One of the very important activities of our Society since its beginning was the recognition of the young researchers as Conference participants. As of this year, MRS – Singapore as one of the most active MRS in the world and the one which will be the headquarters of the International Union of MRS (IUMRS) has joined us in the financial segment of this award. Tuesday will be dedicated to this activity and 20 young people will compete for the best oral presentation, whereas in the afternoon 20 of them will compete for the best poster presentation. In both cases we will select 5 best presenters and their names will be announced on Friday at the Conference Closing, whereas the certificates and the financial rewards will be handed to them at the opening of the first following Conference.

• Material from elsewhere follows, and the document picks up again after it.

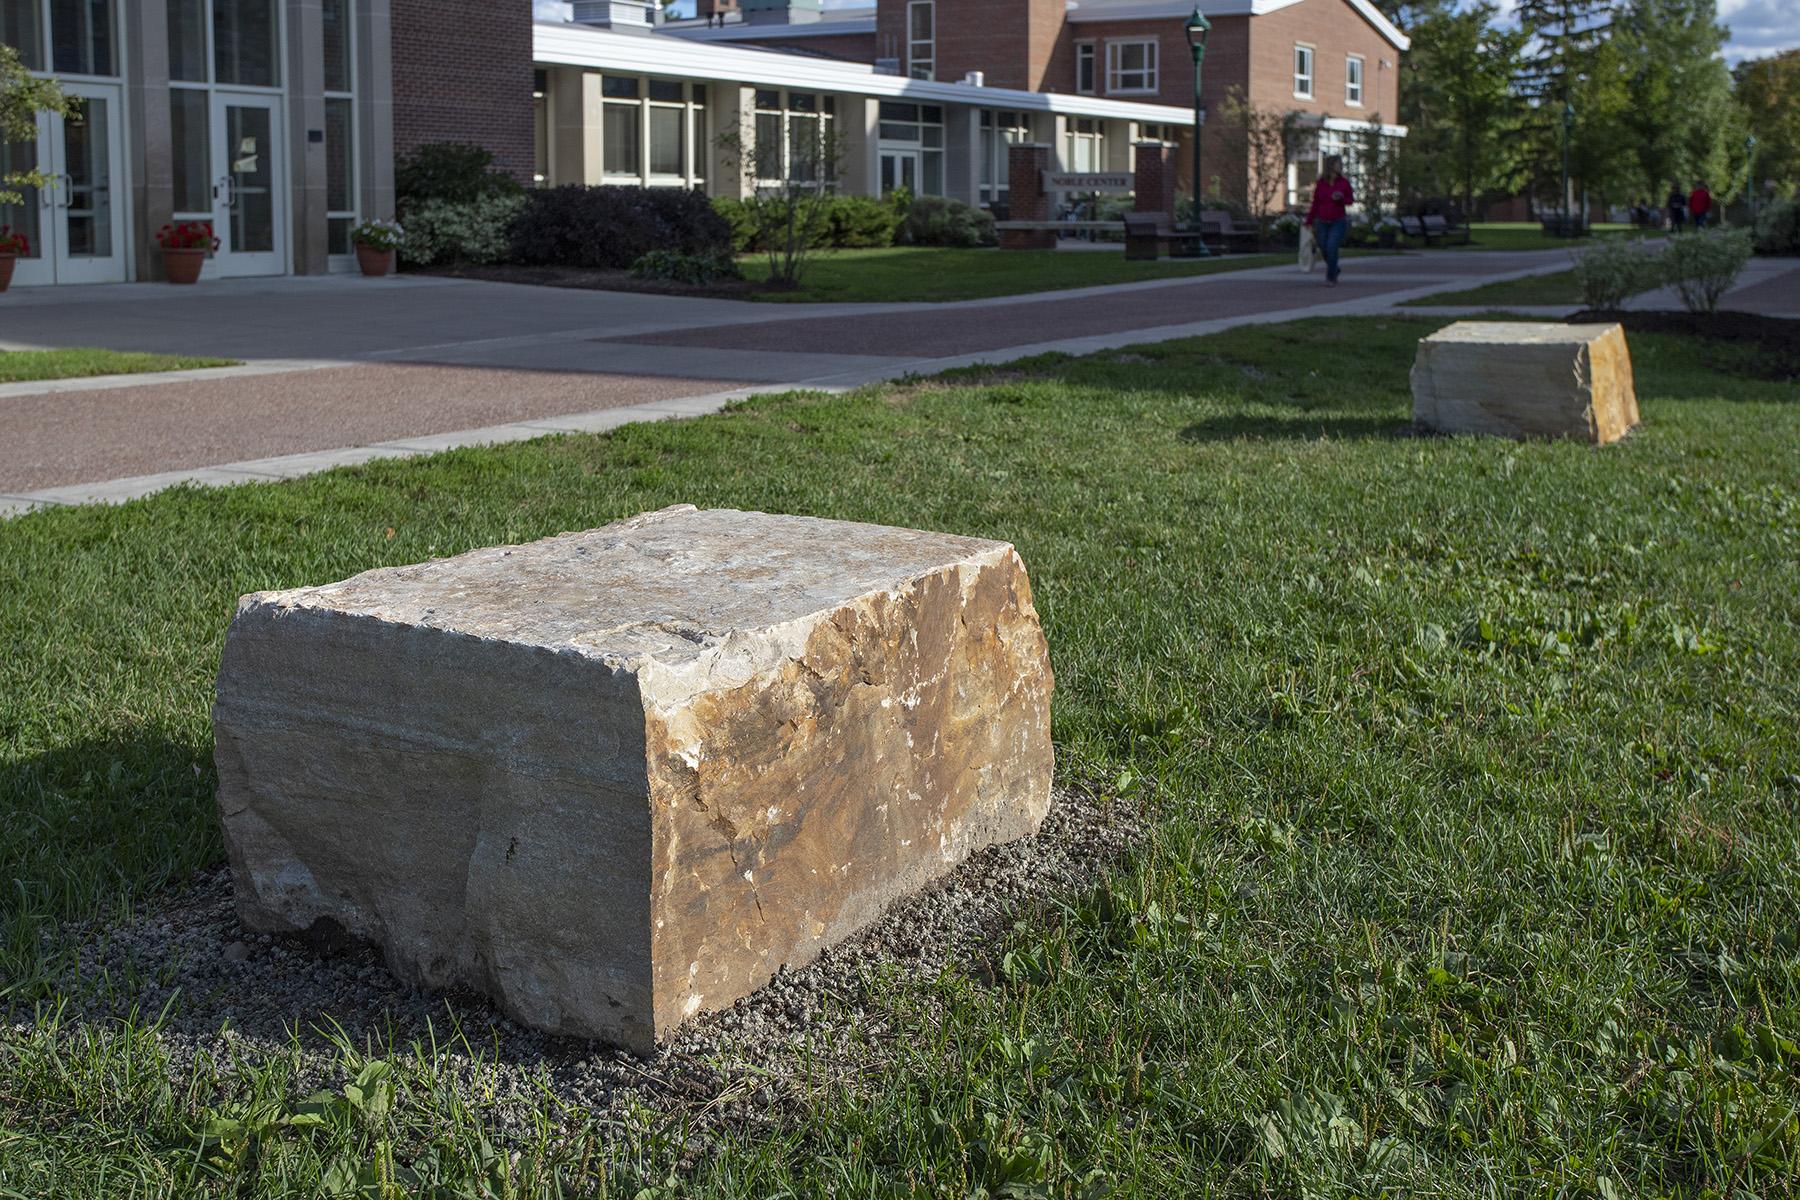 big stone in grass

This is Tenth YUCOMAT Conference to be held in this Hunguest Sun Resort Hotel. At this very same location, which used to be the Nuclear Center belonging to the Nuclear Commission of former Yugoslavia, starting from 1969, the World Round Table Conferences of Sintering were held, where, just like today, world-renowned scientists from both West and East used to congregate. In the Iron Curtain era, in fact, it was the only place where they could meet. This part of Herceg-Novi is called Topla and some of the most intellectual people from this region have occasioned it. Our famous poet and statesman, Petar II PetrovicNjegos, for example, was educated in a little house near the Church of Saint George, not far from here, whereas directly on the opposite side our Nobel Laureate in literature, Ivo Andric, used to live and work. Our hosts at the Hunguest Hotel maintain the memory of those people and those times by helping us organize these conferences. There is a lot of examples of their highly positive attitude toward this meeting, including the traditional cocktail party they organize on Monday evening, which is always memorable. I hope that this Conference will also go well and will be worth remembering and that we will all happily and healthily return to our homes from it.